Q Well, how much more restrictive will this be just to get it -- to modify it in some way?

SR. DEFENSE OFFICIAL: It's not -- it's not intended to be more restrictive except for those things that are -- you know, are surrounded by the higher walls where we'll take a very careful look and have higher penalties.

SR. DEFENSE OFFICIAL: If something's in the top tier, it will be -- the intention is that it be -- more time be spent in -- first in understanding and identifying the potential ways in which it could get released and so forth. And then there will be, as was said, higher thresholds, higher walls associated with exporting those items.

STAFF: I think that's a good place to probably close it up.

Q Just one basic question.

Q Actually, just a click clarification, possibly.

STAFF: All right. A quick clarification and a basic question, and then we're done.

Q You mentioned the two independent agencies. One is licensing, and one is enforcement. Will they be two separate, or will the same agency do the licensing and enforcement?

SR. DEFENSE OFFICIAL: Well, since the single licensing agency decision has not yet been made, I'm not sure that there's a hundred-percent answer to that. But we have conceived of them as two.

Q Two. Separate ones.


Q Okay.

STAFF: And basic question.

Q And when -- and when this -- in theory, if this all gets passed, what's the timetable for implementation?

SR. DEFENSE OFFICIAL: Well, it depends quite a bit on when it gets passed.

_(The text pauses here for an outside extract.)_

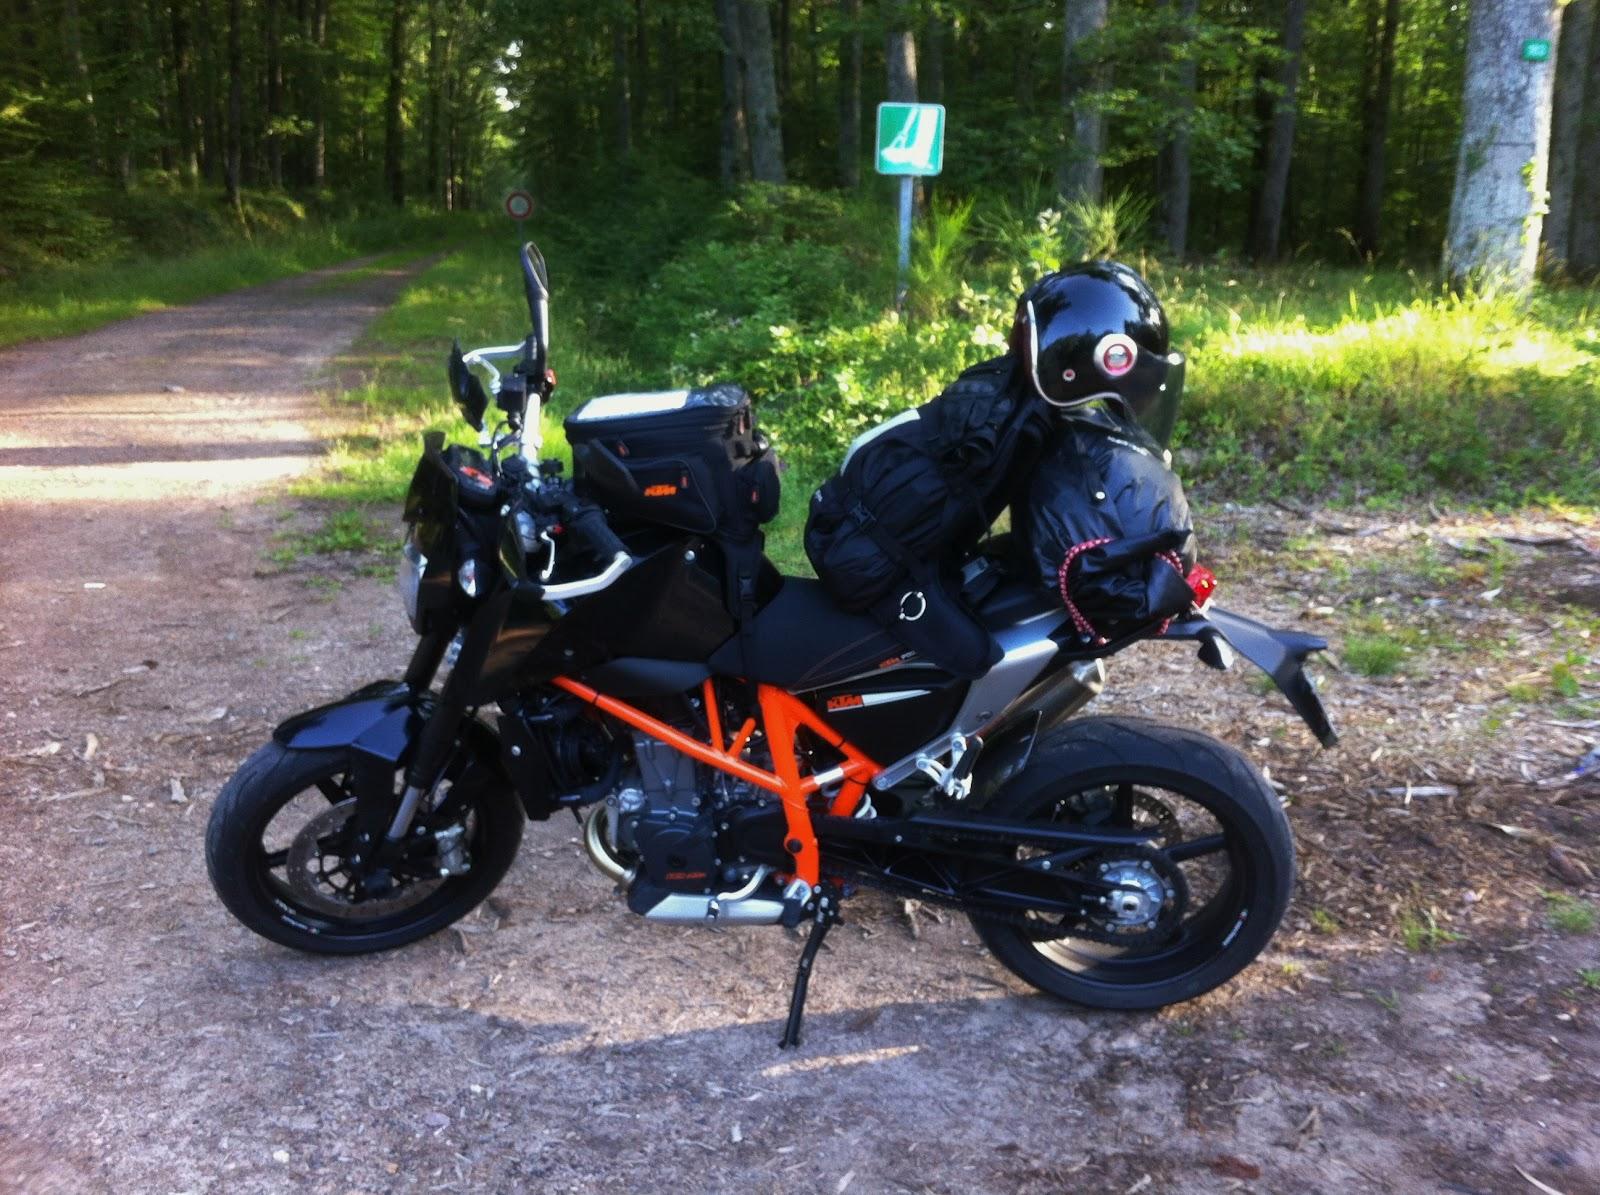 Ktm Duke Bike Stunts Ktm 690 Duke Stunt Bike
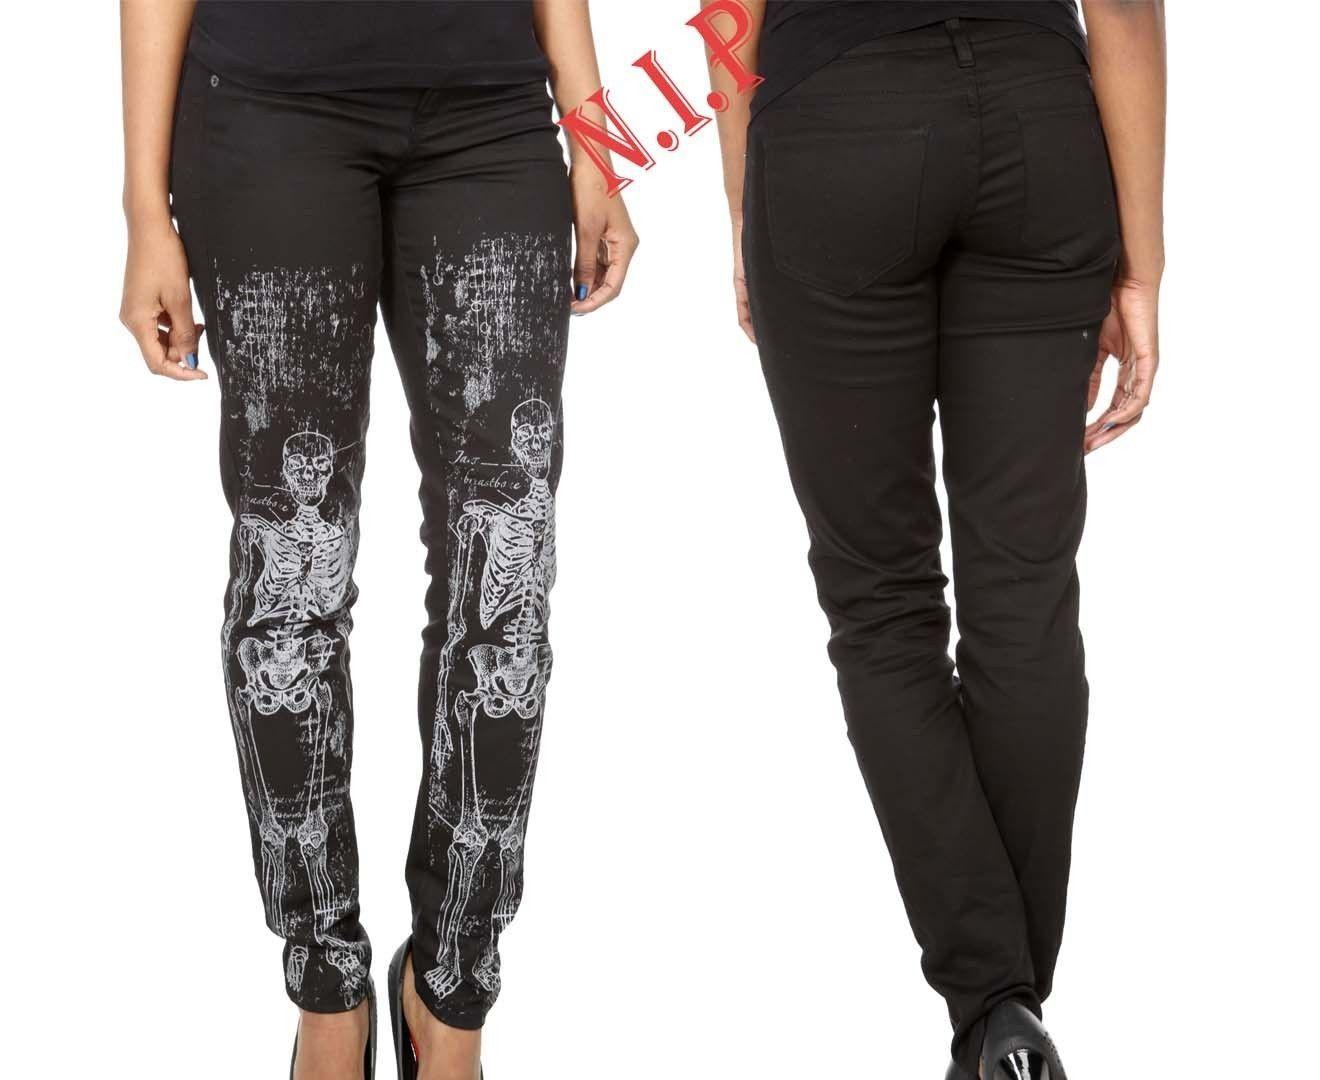 Hot topic skeleton pants for women

Q I'm sorry, in terms of --

SR. DEFENSE OFFICIAL: Phase one and two, very soon, this year, and -- this year and as -- and as soon as -- we want to have consultations with the Hill before we begin to do even the administrative steps, so that we don't bias the prospects for phase three and some -- and the funding we need for some elements of phase one like for IT. But we'd like to move forward quickly, and we'd like to get some legislation passed this year on the Hill. And that's a conversation that has begun and is -- I think is going to intensify over the coming few weeks.

Q Some but not all the legislation.

SR. DEFENSE OFFICIAL: We'll see how -- we'll see what the -- frankly, what the -- what the -- what the traffic will bear. We think that there's a clear vision for getting to phase three and accomplishing this. The more we can do this year, the better.